TASK DETAILS:
Excluding pictures, retype the line with "Título: Der Tierschutzgedanke" and each line that follows it to the end of the data below, word for word.

DATA EXCERPT:
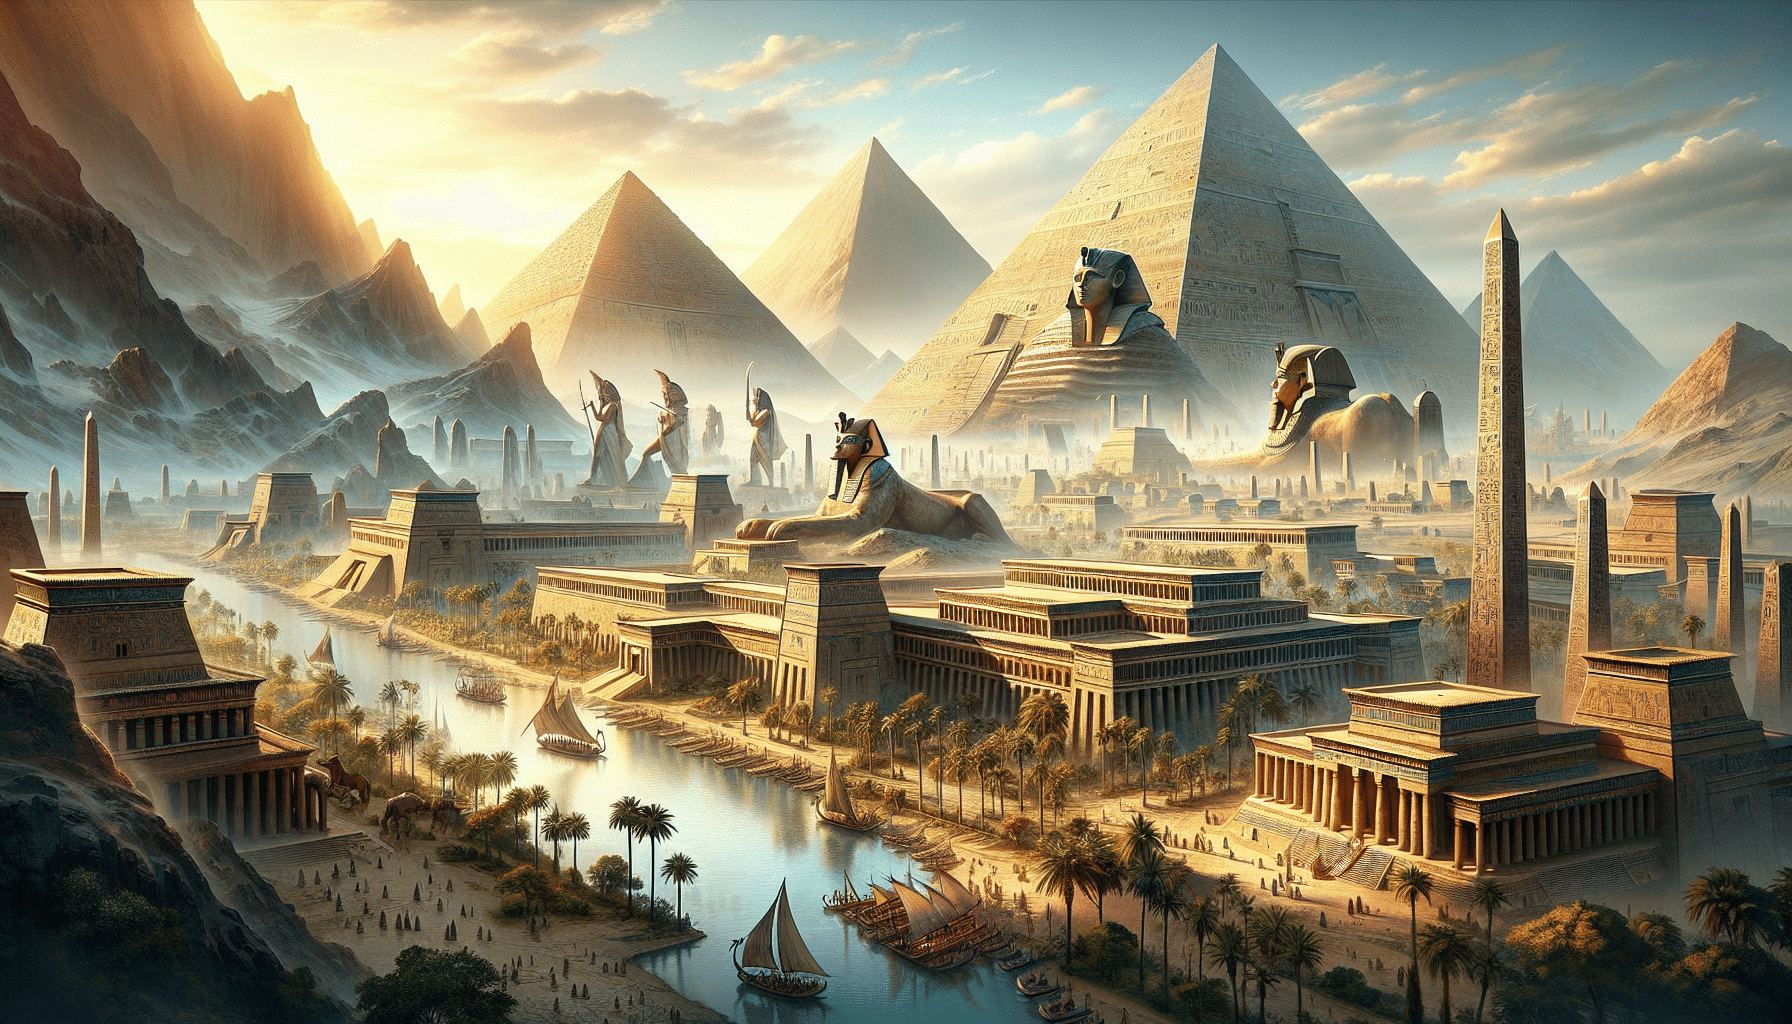 découvrez total war pharaoh et sa mise à jour colossale, enrichie de nombreux contenus gratuits pour une expérience épique !
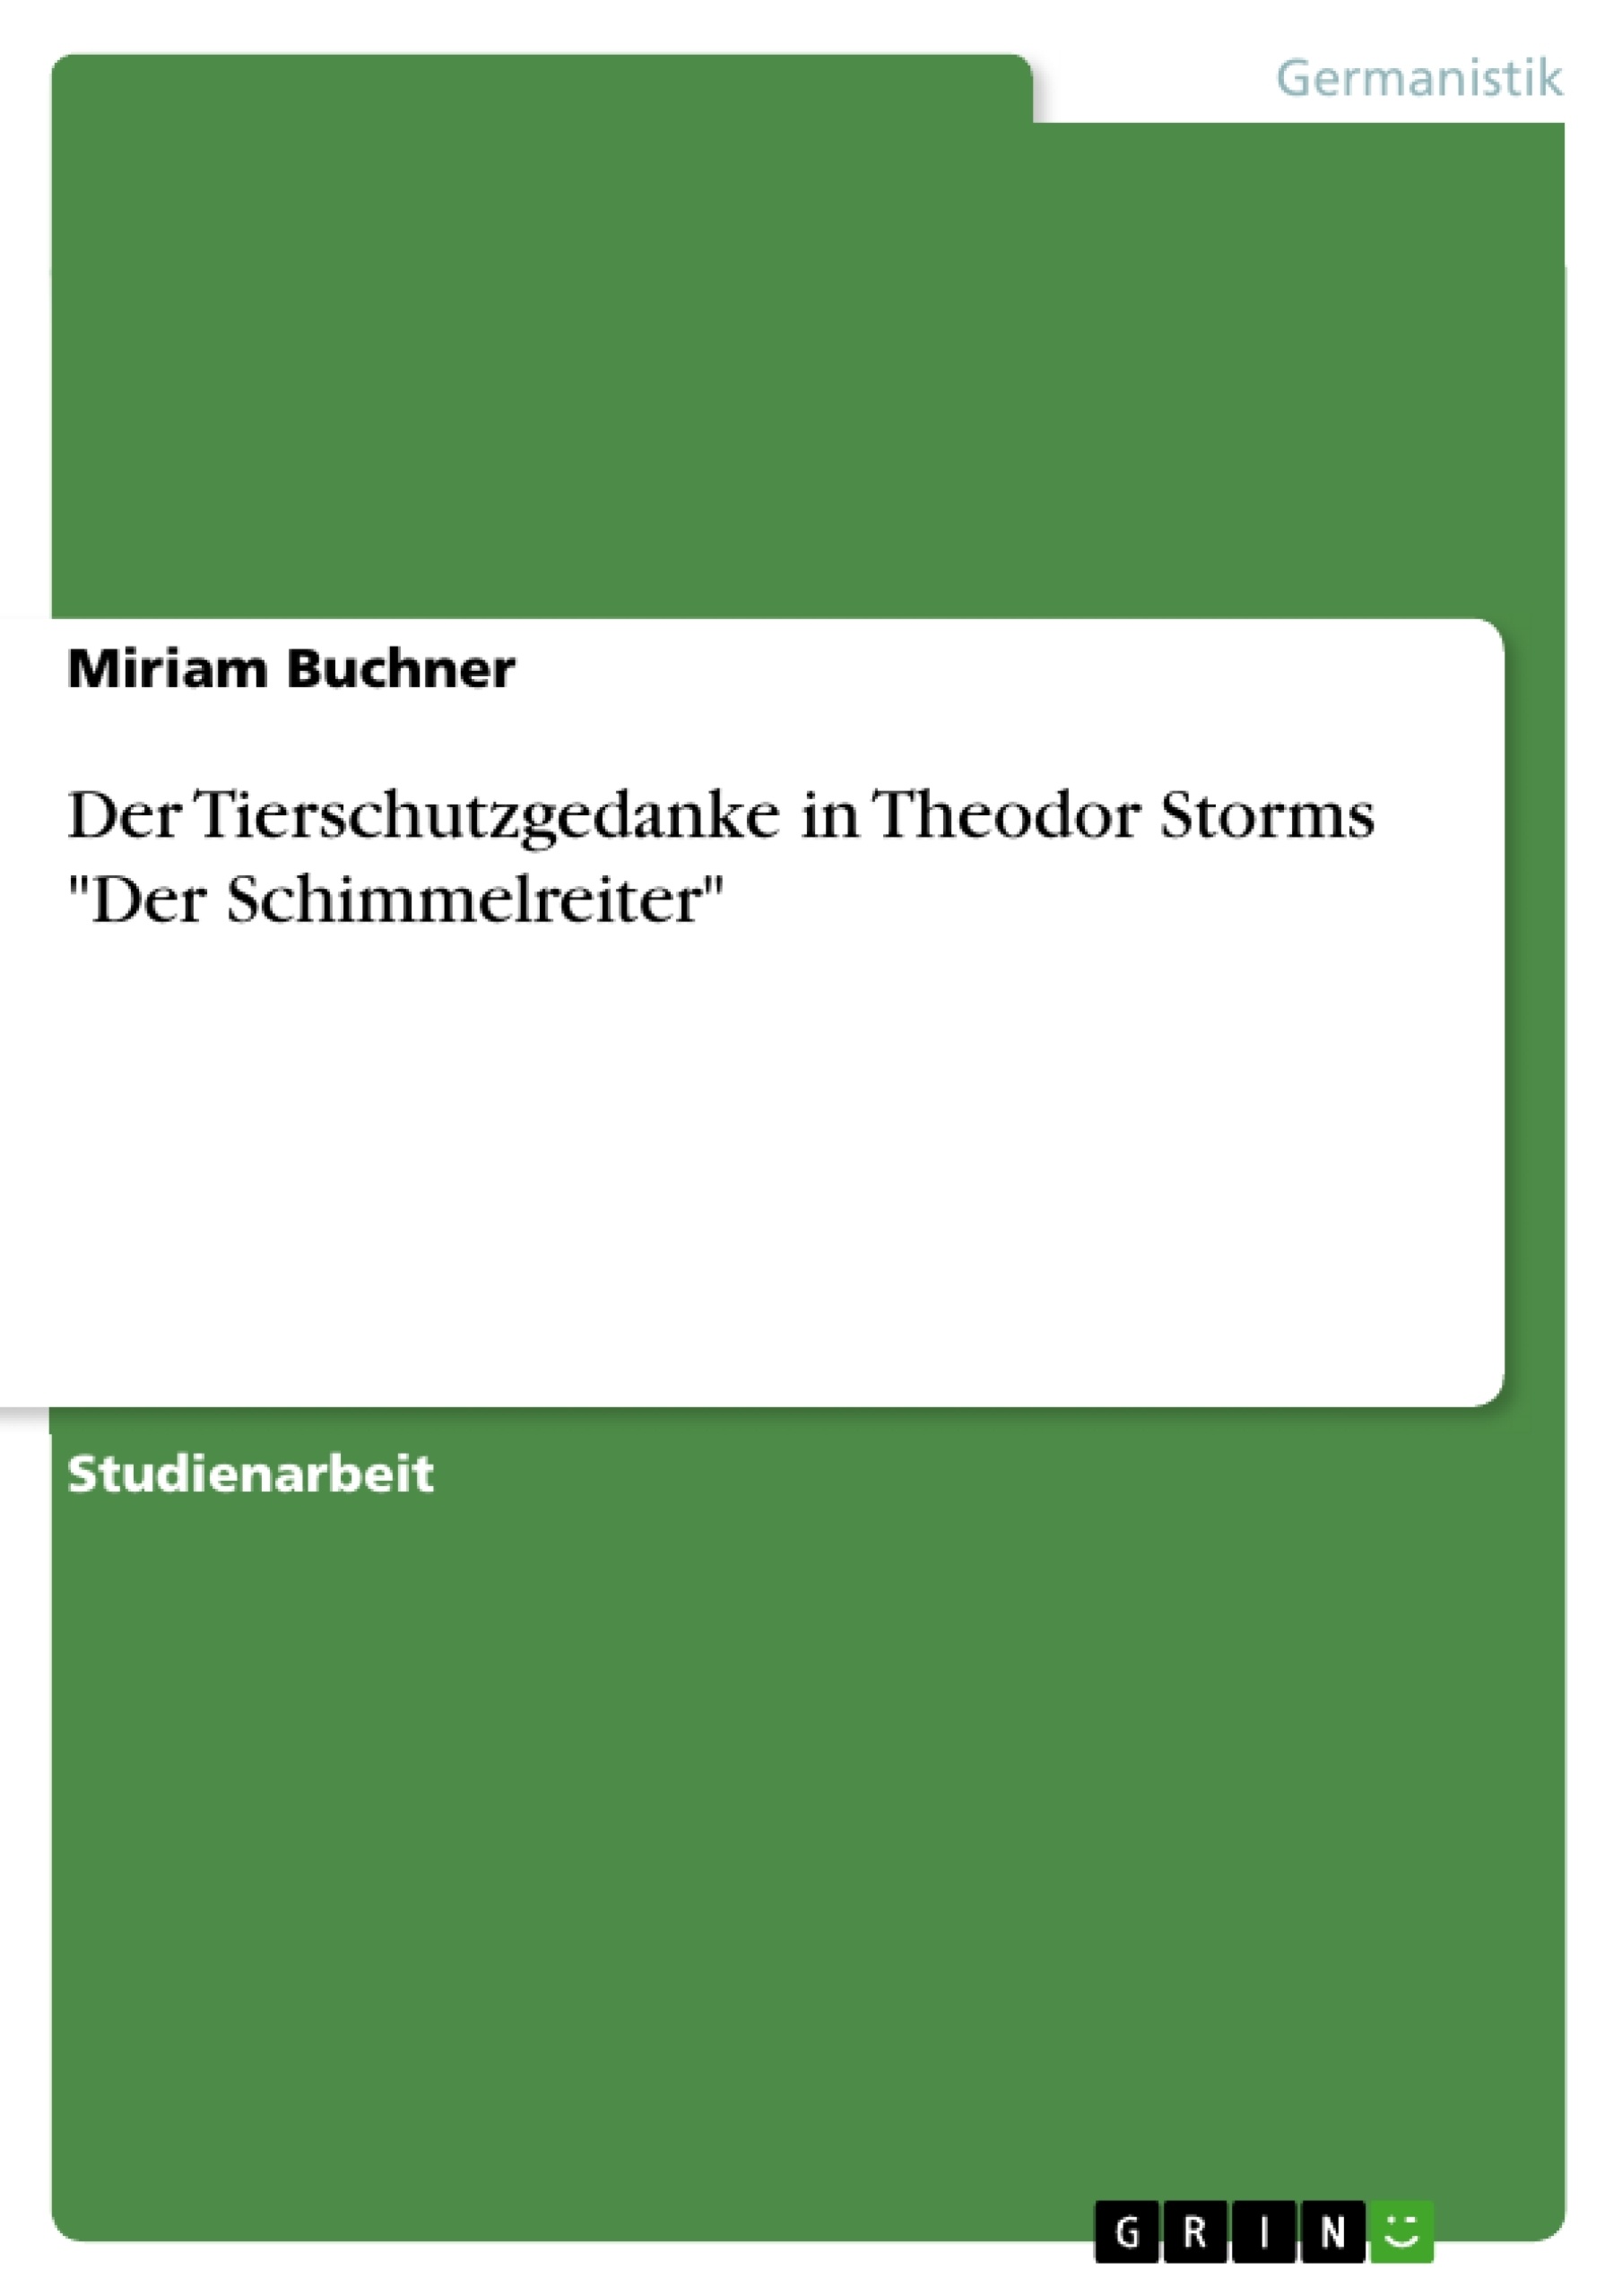 Título: Der Tierschutzgedanke in Theodor Storms "Der Schimmelreiter"
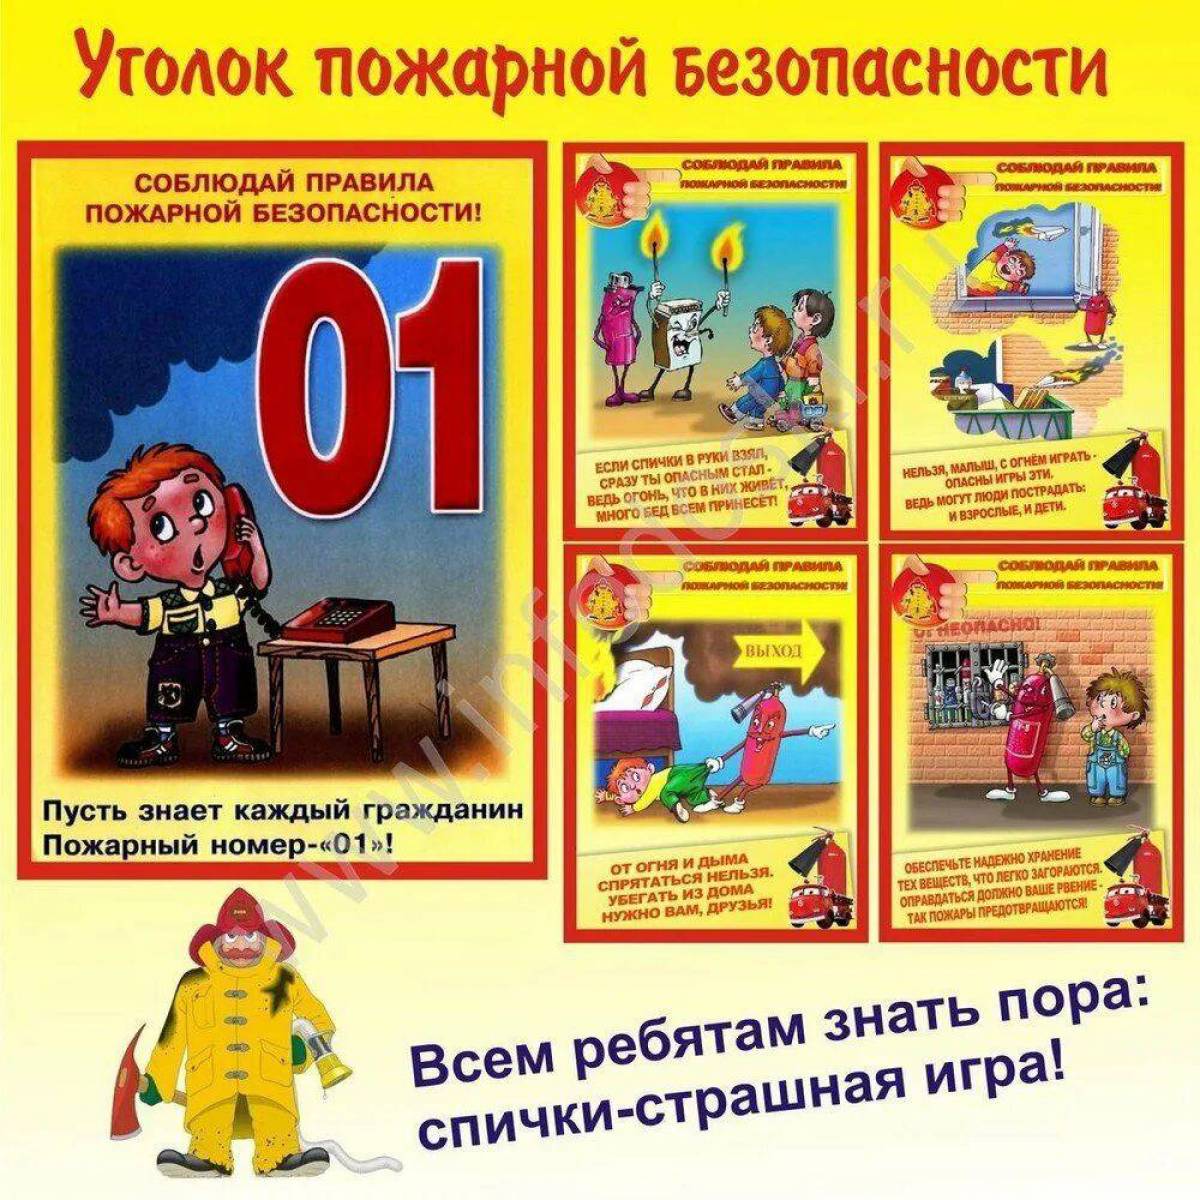 Правила пожарной безопасности #16

COMPLETED EXERCISE:
 Título: Der Tierschutzgedanke in Theodor Storms "Der Schimmelreiter"
 Правила пожарной безопасности #16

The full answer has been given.